Task to complete - How many lines of these entries hold the string "Justice"? Answer with the number alone.

Exercise data -
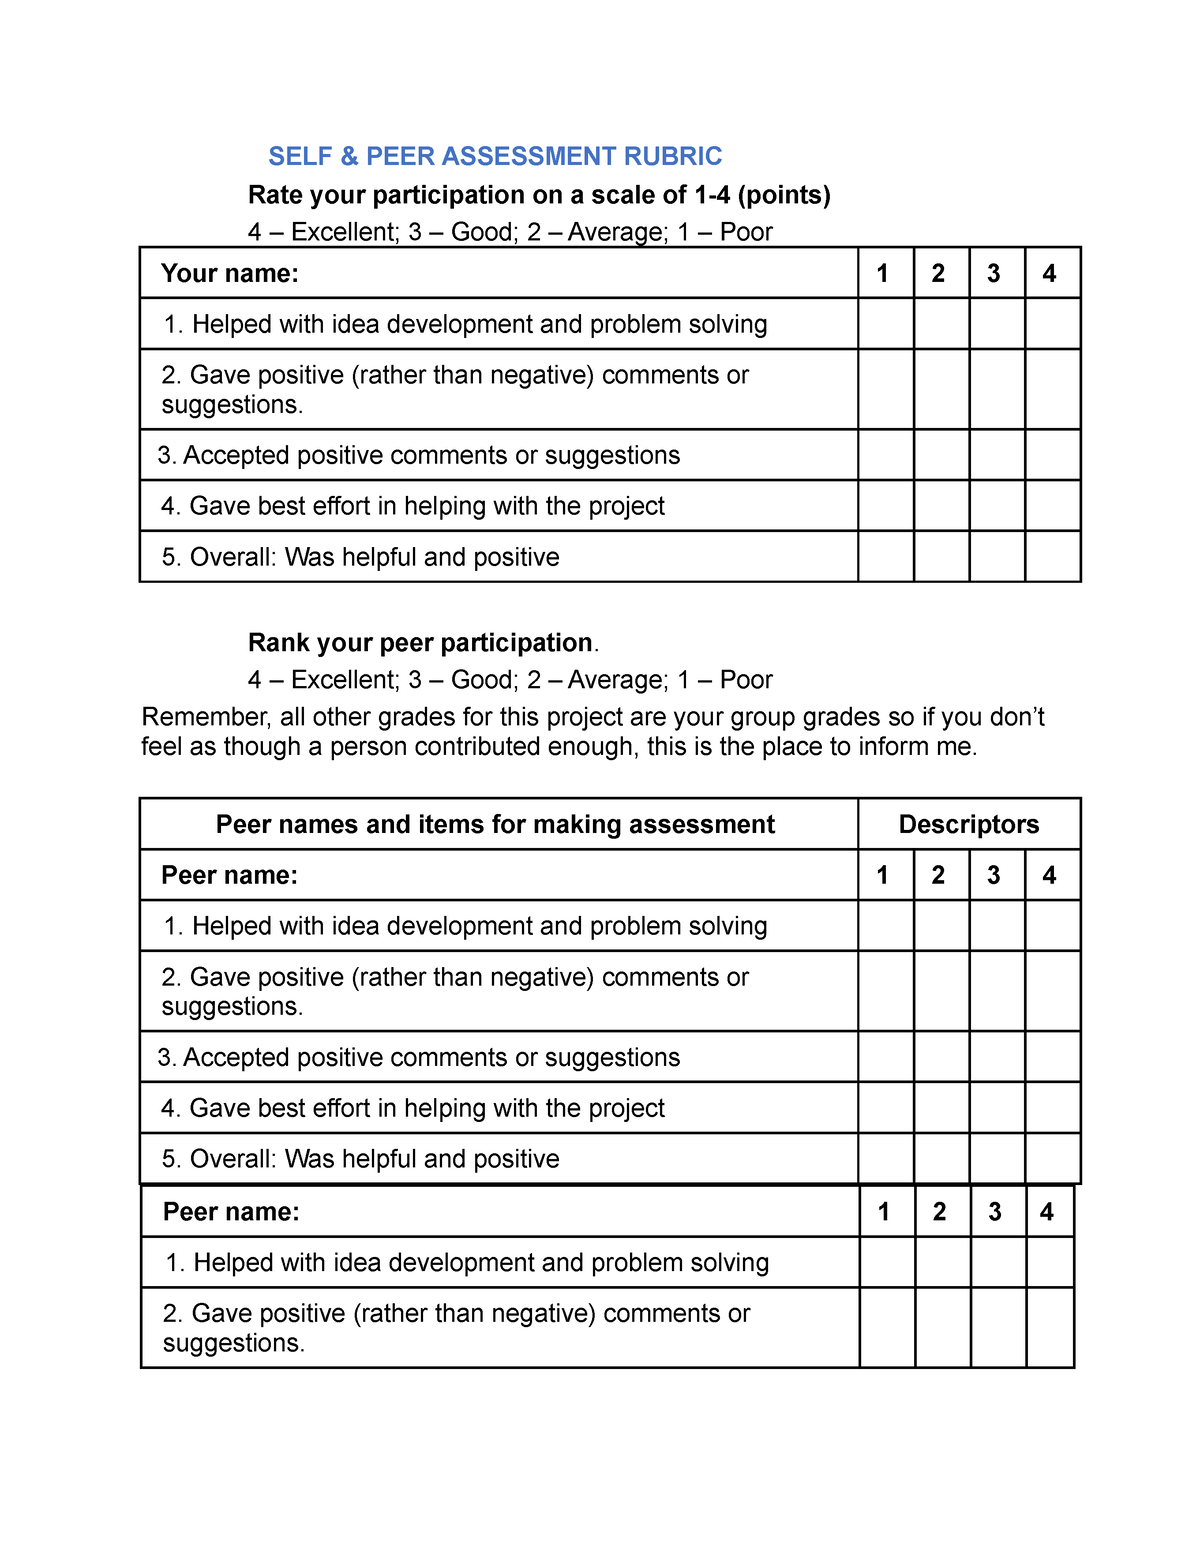 09e8b1af6a6a-grg43-self-peer-assessment-rubric-rate-your
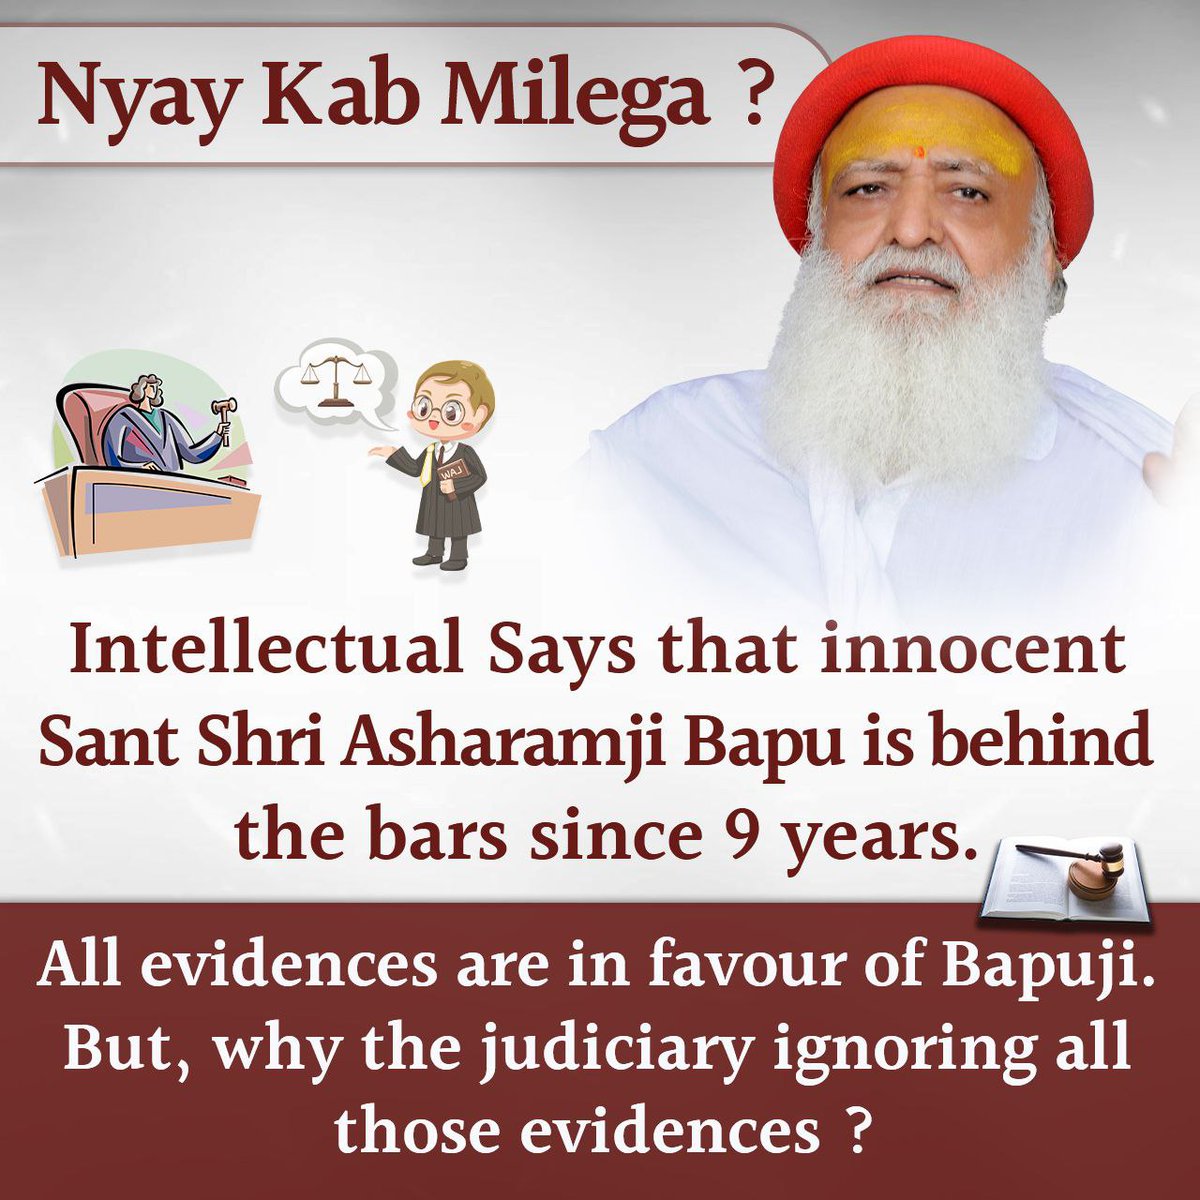 #EnoughIsEnough Indian Judiciary
If leaders, actors and terrorists can get bail in this country

So,Y not veteran Hindu Saint Sant Shri Asharamji Bapu

We want Fair Justice for bapuji.
It's time to #StandUpForDharm
Justice still awaited...
जय श्री राम

Result of this task - 2